No merge. No diff. No warning. Just gone.
You can't have both an accurate spec and useful documentation at the same time. Every spec update resets the docs to the bare-metal auto-generated state. For a team shipping weekly API updates, this meant choosing between accuracy and quality, and then spending hours manually re-adding the enrichments that got wiped.
A Hacker News user captured the core issue: maintaining an OpenAPI spec and a separate GitBook felt like doing the same work twice. It is. Because GitBook treats your spec as a thing to render, not a thing to collaborate on.
2. API Content You Can't Actually Touch
Once an OpenAPI block renders in GitBook, the content is essentially read-only. You can't add inline notes to specific fields. You can't attach warnings to deprecated parameters. You can't link related endpoints together within the reference itself.
Each OpenAPI block shows a single operation, so if you have 150+ endpoints, you're managing 150+ blocks. That's not documentation. That's data entry. And if someone reorders the sidebar, every block reference can break.
This matters because the gap between auto-generated API docs and good API docs is huge. Good docs have context: "this endpoint returns paginated results, use the cursor parameter from the response's meta object for the next page." Auto-generated docs just list the parameters and hope for the best.
3. Their API Testing Isn't Even Theirs
This one surprised us the most, and it's the detail that reframed how we thought about GitBook entirely.
GitBook's "Try It" API testing feature, the interactive playground where developers can test endpoints directly from the docs, isn't built by GitBook. They embed Scalar, a third-party tool, inside their interface.
Think about what that tells you. The single most critical developer experience feature in API documentation, the thing that separates useful docs from a glorified PDF, and they outsourced it. They didn't build it because they're not an API documentation platform. They're a wiki that added API rendering as a checkbox feature.
And it shows. Authentication flows are clunky. Environment switching is limited. There are no pre-request scripts to generate tokens dynamically. No chained requests where one endpoint's response feeds into another. No environment variables to switch between staging, sandbox, and production. No request signing for APIs that use HMAC or similar auth.

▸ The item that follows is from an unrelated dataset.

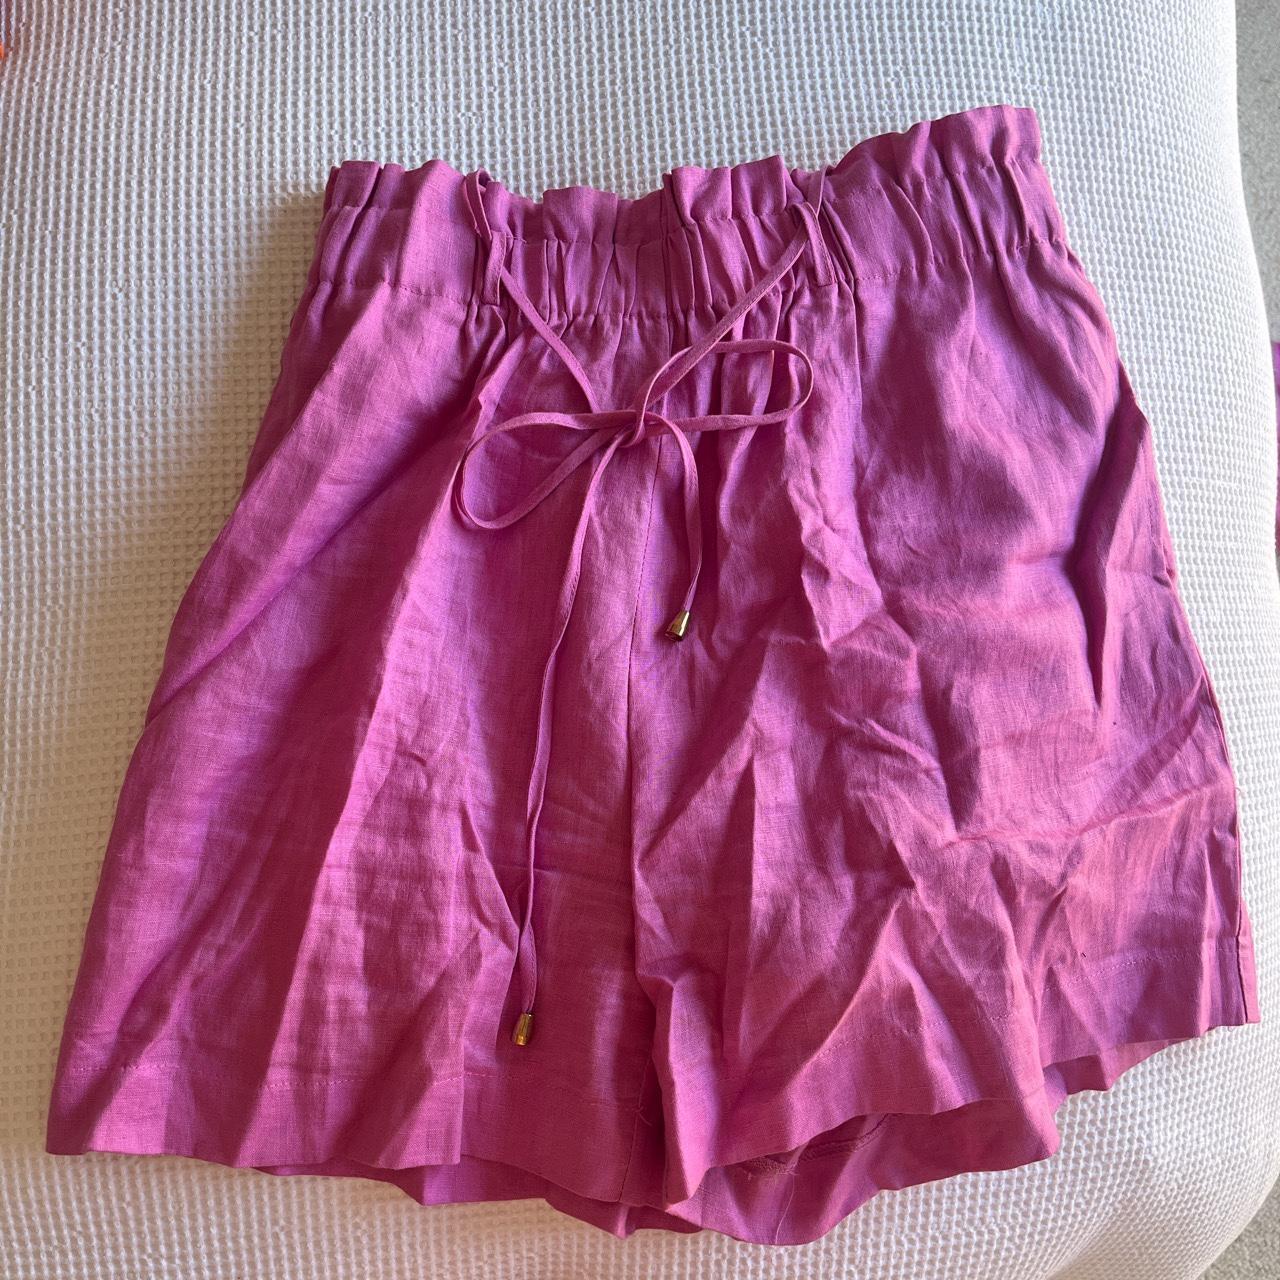 Luxe linen top and short set Pink / purple in... - Depop

For teams with straightforward GET-request-with-an-API-key APIs, the Scalar embed is fine. For anything involving OAuth2 token chains, HMAC signing, multi-step auth flows, or environment-specific configs (so basically any enterprise API), your developers will open Postman anyway. Which means your "interactive docs" aren't actually interactive where it matters.

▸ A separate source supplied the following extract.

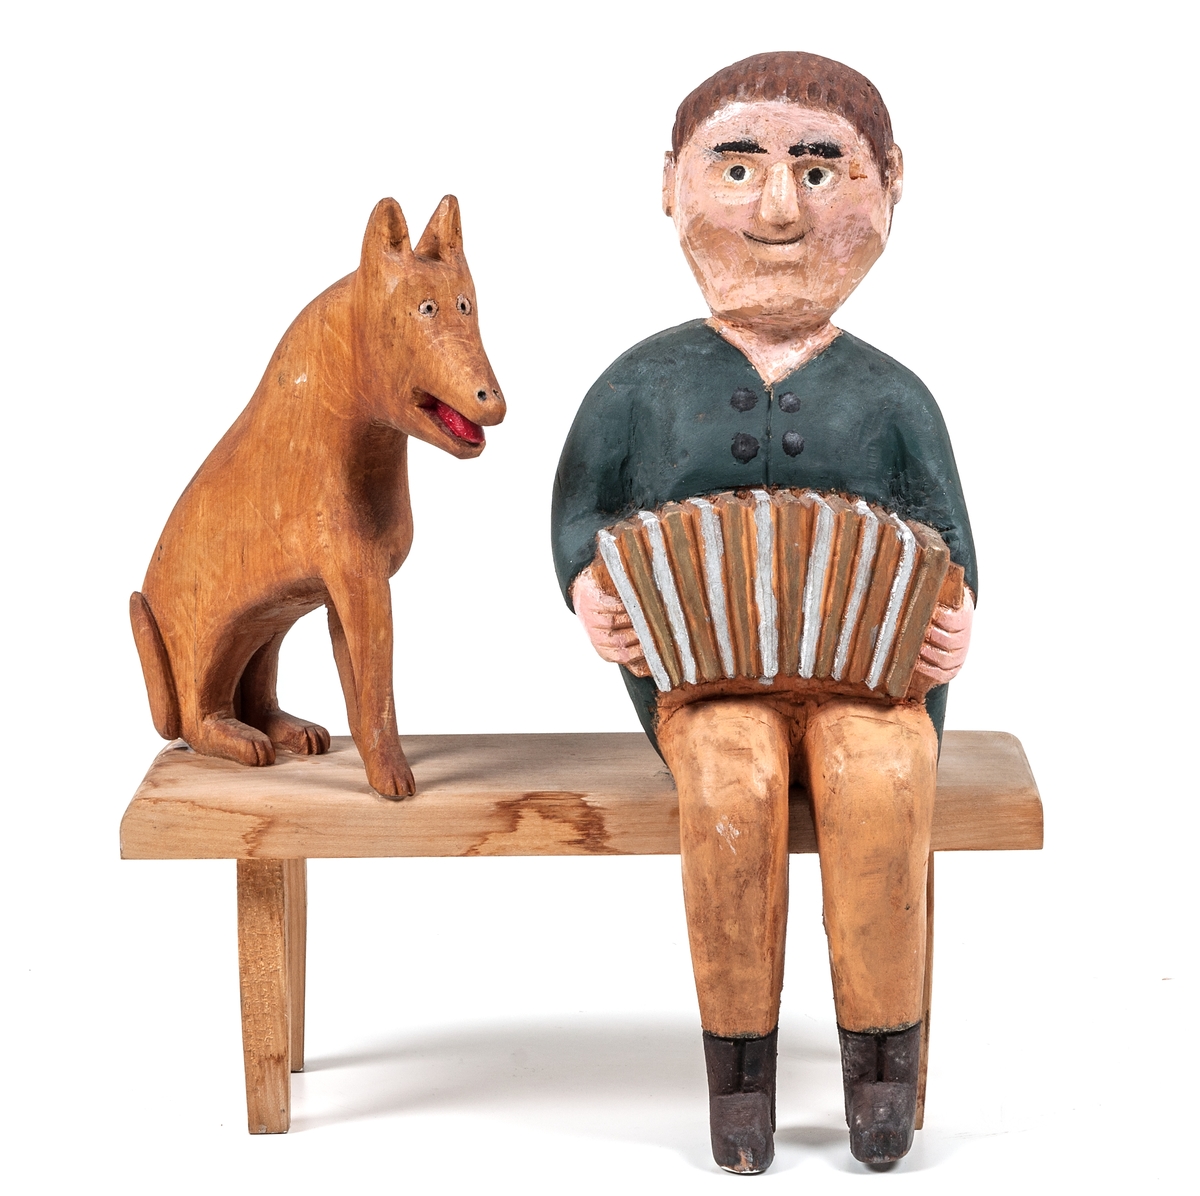 Träskulptur "Dragspelare" av Per Mörk. Skulpturen består av sittande dragspelare och sittande hund på träbänk.

This was the moment we stopped thinking of GitBook as an API docs platform that needed improvement and started seeing it for what it is: a solid wiki with an API rendering feature bolted on the side.
4. The Pricing Surprise
GitBook's pricing page says $8/user/month. That's technically true and practically misleading.
Here's the real math for a 10-person team with 3 documentation sites:
- User fees: 10 × $12/month = $120/month
- Per-site fees (custom domain): 3 × $65/month = $195/month
- Total: $315/month minimum, before AI add-ons
Their free tier went from 3 users to 1. Custom domains that used to be free now require the Premium tier. AI features, which they market aggressively, are gated behind Premium with opaque usage limits.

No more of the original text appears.